そんなこんなで起床時間はかれこれ30時間越え。ホテルに帰って気を失うように眠る。
『Bagnara』の日本のショールーム開設に関する打ち合わせと工房・会社視察のため今日(11/8)から11/15日までボローニャへ行って来ます。携帯電話は多分通じます(番号は日本と同じ)が、受信側にもかなりの料金がかかってしまうため、すみませんがご連絡は緊急時のみ、手短にお願いします。メールは日程前半ならホテルで送受信できるかもしれません。ブログの更新をしてる余裕はおそらく無いと思います。
ところでボローニャってどんな街なんでしょうか。中田英寿選手はもう居ないんですよね。海外は10年以上前に行った切りで英語もイタリア語も全くダメなチビっこがふらふらしてても平気でしょうか。フランスの暴動が近隣諸国にも波及しているみたいですがイタリアは大丈夫なんでしょうか。
いろいろ不安だらけですが、皆様、諸々何卒よろしくお願い申し上げます。
11/1。遅れに遅れていた木工事がB1Fからようやくスタート。
写真手前はRC梁に設備配管用の貫通穴を空ける職人さん。カッコいいです。
大工さんは15:00の休憩中。
10/25。遅れていたサッシの取付け工事がようやくはじまっていた。
結局コストダウンのため高級なサッシは使用せず、普通のアルミサッシ(グレーメタリック)に。仕様については妥協した訳だが、各フロアの庭やデッキに面した開口部のサイズとデザインは死守することができた。実際に取付けられた様子を見ると図面から想像していた以上のダイナミックさ。これは相当に開放感のある建物に仕上がりそうだ。

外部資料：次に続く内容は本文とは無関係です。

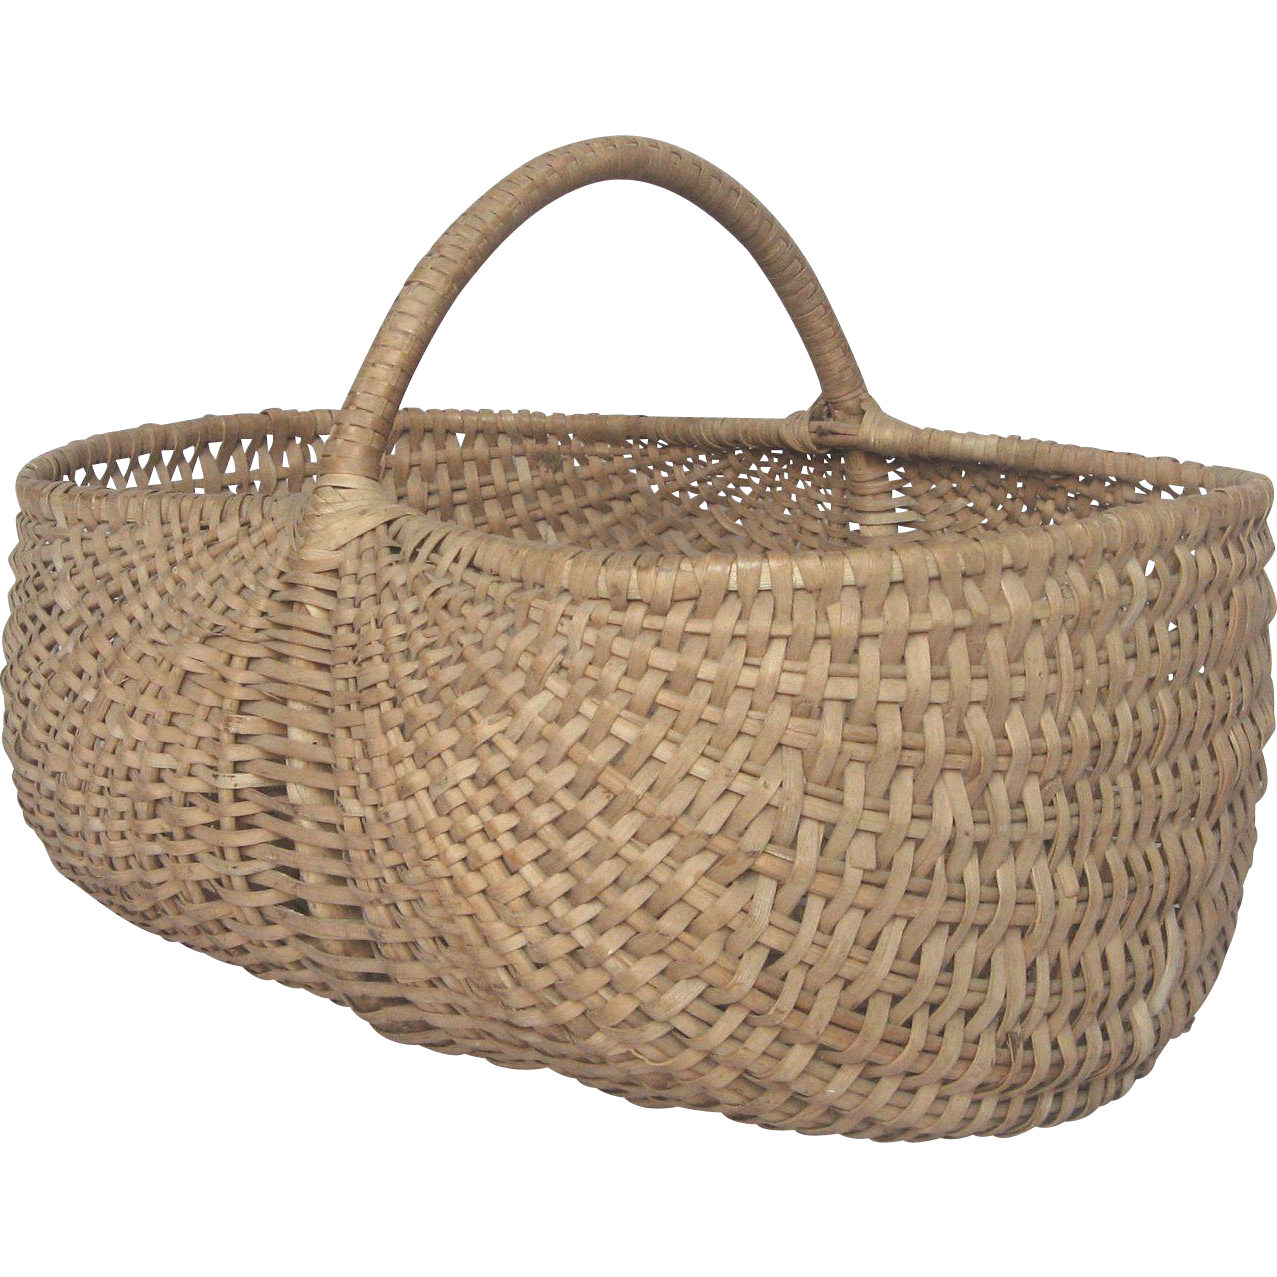 Woven Gathering Basket : Large capacity french woven harvest gathering basket

外構の型枠工事は依然進行中。コンクリートを流し込むための足場が3F天井辺りの高さに仮構されていた。
上の写真左は型枠の内部を見上げたところ。建物本体の内部では設備配管工事が追い込み中。温水・冷水配管が床スラブ上に鮮やかなオレンジとブルーのラインを描く(上の写真右)。